Everyone gets a personal tax-free allowance. However, if you (or your partner) are blind or disabled, or are married and were born before 6 April 1935, you are entitled to extra tax allowances. Learn more here.
If you are receiving interest on your savings or dividends from shares, these will form part of your taxable income. However, you can save tax by transferring these assets to a lower-earning spouse. For example, if you are a high earner but your wife only works part-time, you could put all your savings and shares in her name, reducing your overall tax bill as a couple.
My wife's employer pays its staff an annual bonus this month, just before the end of the Tax Year. Instead of getting walloped for even more tax, my wife pays a lump sum into her pension from this annual payment. Mrs D does this because she hangs on to her money and pays less tax (although she won't see the benefit of this pension money until she retires).
Here at the Fool, we're big fans of ISAs - the tax-free wrappers that protect your cash or shares from being taxed. You can save up to £3,000 a year in a cash mini-ISA or, for long-term investing, you can shelter shares worth up to £7,000 from tax in a shares maxi-ISA.
When you sell assets such as shares at a profit, you become liable to Capital Gains Tax (CGT), which is charged at your highest marginal rate of tax (up to 40%). However, every UK adult is allowed to make capital gains of up to £7,700 this Tax Year without paying tax. So, if you have some shares showing healthy profits, you may wish to sell enough to use up your CGT allowance and pocket a gain of up to £7,700 tax-free.

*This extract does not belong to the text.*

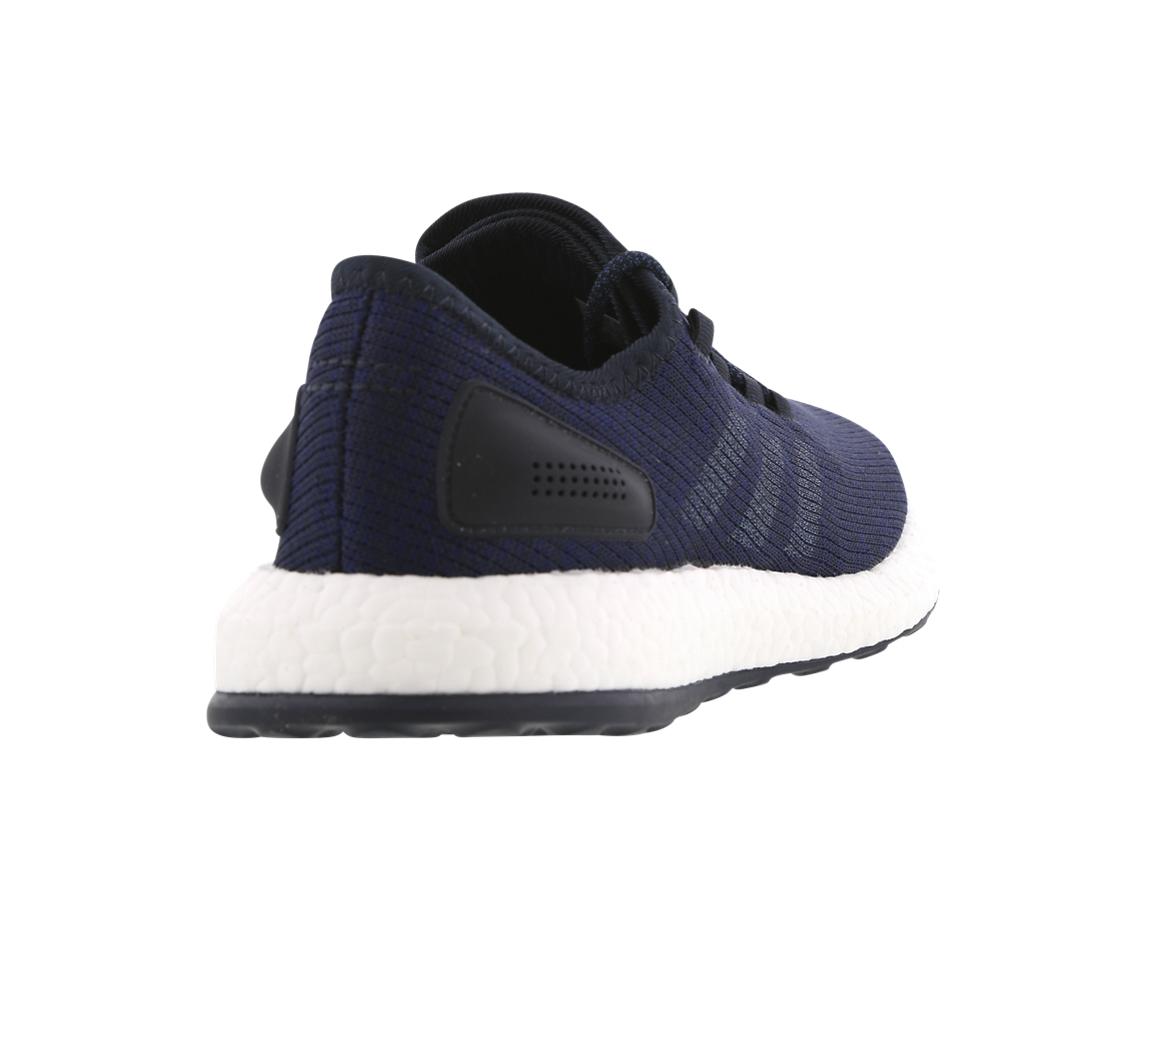 Herren Adidas Pureboost marineblau blau Laufen ba8898

If you owe £75,000 on your mortgage, you pay interest at your mortgage rate on, guess what, £75,000. Meanwhile, if you have savings of £15,000, you earn interest at a lower rate, which is also taxed at 20% or 40%. By combining the two in an offset account, you only pay mortgage interest on the difference - £60,000 - and get no interest on your savings.
If you have work-related expenses that your employer hasn't reimbursed, make sure you claim them back. If you are self-employed, don't forget to declare all your business expenses on your Tax Return.
If you are due a Tax Return for this Tax Year, the Inland Revenue will send it to you on 6 April and it will arrive shortly afterwards. Put it in a folder, label it and keep it safe. Put all your paperwork as it arrives in your folder, including your P60 from your employer, dividend vouchers, "Certificates of Tax Deducted" from your savings bank, etc. This will make your next Tax Return a lot easier to complete!